Das unterstreicht die Richtigkeit jener - auch in europäischen Studien drastisch belegten - Vermutungen, denen zufolge vor allem die feinsten Staubpartikel die schlimmsten Auswirkungen auf die Gesundheit haben. Denn gemessen werden, nicht nur in den USA, Schwebstaubpartikel in der Größe von 10 PM (maximale Größe von 10 Mikrometern), während alle kleineren bisher unberücksichtigt geblieben sind. Ebenso wäre aber auch zu überlegen, ob die gängigen Grenzwerte - in Österreich 0,15 Milligramm pro Kubikmeter Luft im Tagesmittel - noch von Relevanz sind.

In den USA scheiterte das Vorhaben der Umweltbehörde EPA, strengere Grenzwerte einzuführen, bereits 1997. Und auch der aktuelle Staubreport der Behörde, der mehr als 1.200 Seiten umfasst, steht quasi "off the records" und damit bisher ohne Folgen seit März dieses Jahres im Internet. "Ein gerichtlicher Konflikt mit der Industrie lässt die EPA derart vorsichtig werden", so der Wissenschaftsjournalist Hans Schuh in der deutschen Wochenzeitung "Die Zeit" (Nr. 35 vom 23. August 2001).

Schuh zitiert in diesem Zusammenhang den international anerkannten Umweltepidemiologen Erich Wichmann: "Es ist völlig rätselhaft, weshalb es für den besonders gefährlichen lungengängigen Feinstaub und die ultrafeinen Partikel noch nicht einmal ein angemessenes Mess- und Überwachungssystem in Deutschland gibt."

Das gilt auch für Österreich, wo bisher an gerade drei peripher gelegenen Messstellen des Umweltbundesamtes (Illmitz im Burgenland, St. Koloman in Salzburg und Vorhegg in Kärnten) die Menge des Gesamtschwebestaubes erfasst wurde. Und ebensowenig wie in Deutschland dürfte sich in absehbarer Zeit daran etwas ändern. Da wie dort sind zwar Teile des europaweiten Schadstoffmessnetzes im Entstehen, doch Schwebstaub wird weiterhin in PM 10-Größe und nicht darunter gemessen.

Das bedeutet, dass die vor allem brisanten Russ- und Dieselpartikel nicht erfasst werden, so sie nur klein genug sind. Und das sind sie zunehmend, seit in der Industrie und in Motoren Filter eingesetzt werden, in denen nur die größeren Teilchen hängenbleiben.
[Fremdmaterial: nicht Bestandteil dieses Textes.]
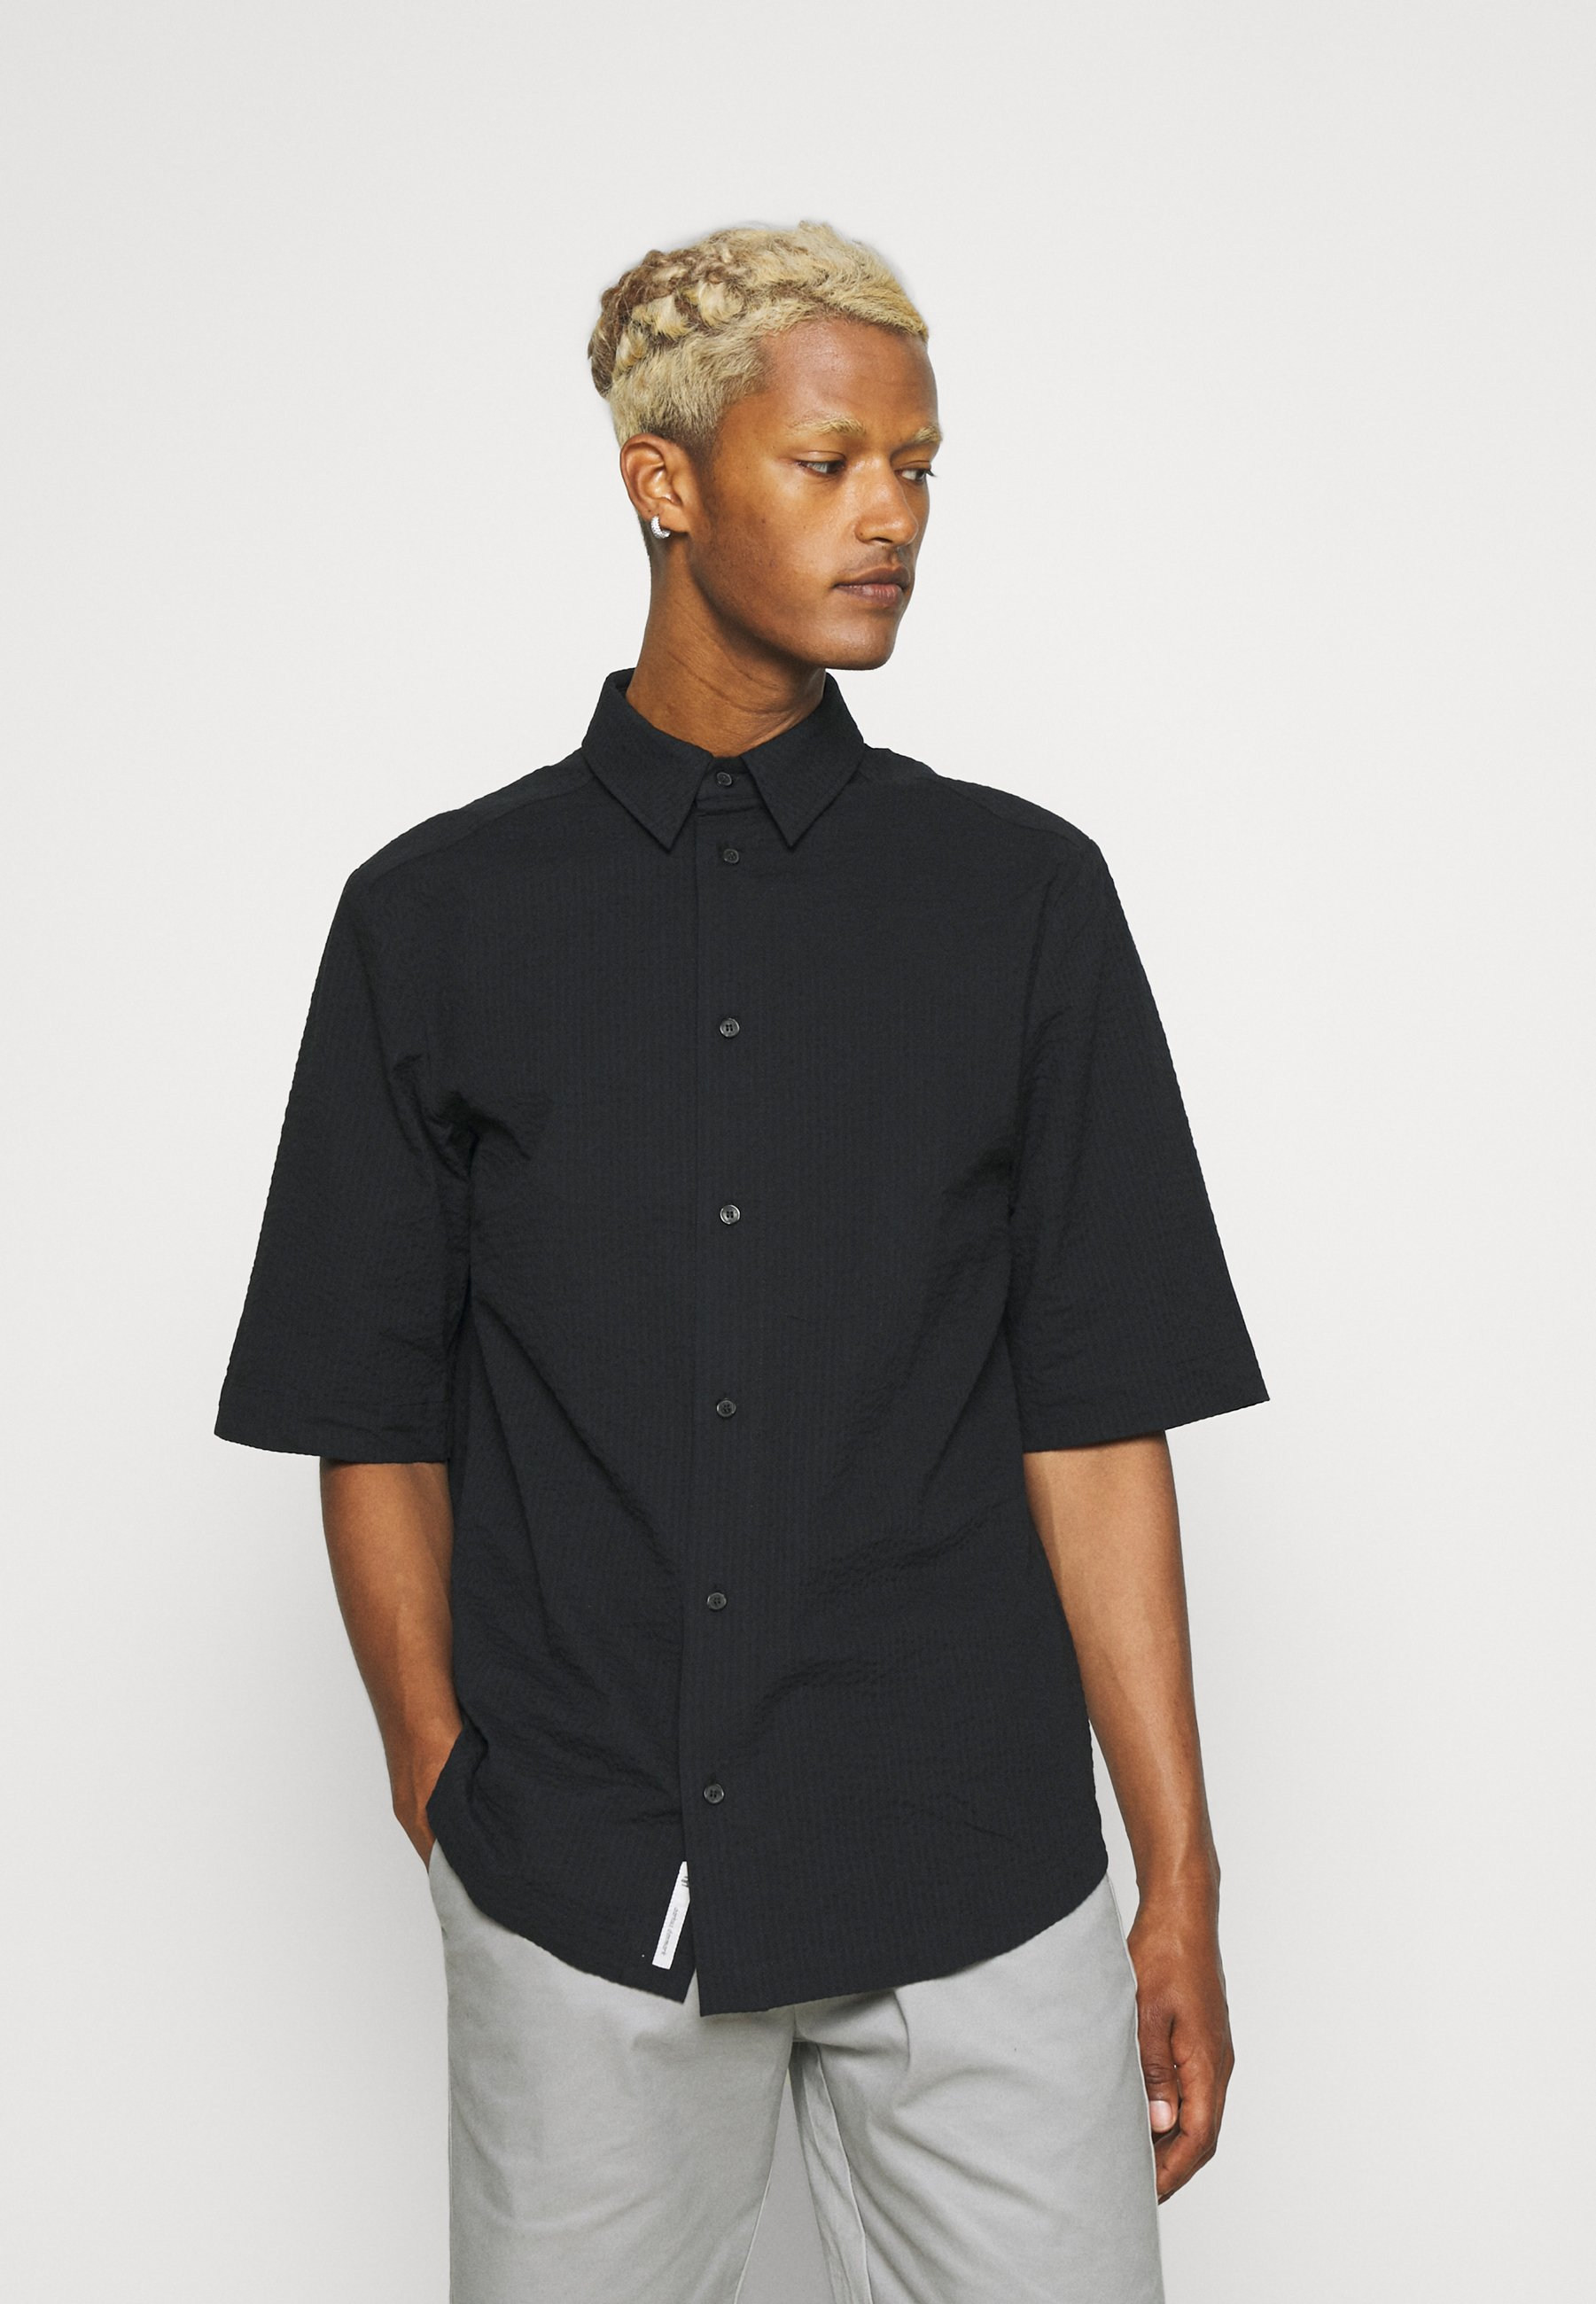 Uomo HASTINGS - Camicia

Hinzu kommt, dass bestimmte Metalle und Chemiegifte bevorzugt an den feinen Partikeln andocken, sich mit ihnen im Lungengewebe ablagern und nicht mehr abhusten lassen.

Eine Studie des Umweltepidemiologen Wichmann zeigt dies drastisch: Sowohl die Schwebstaubmengen als auch die Schwefeldioxid-Konzentration war in der DDR in den Achtigerjahren um das zehn- bzw. sogar 100-fache höher als Ende der Neunziger. Doch an der Sterblichkeit durch Luftschadstoffe infolge Inversionswetterlagen hatte sich in dem untersuchten Gebiet nichts geändert.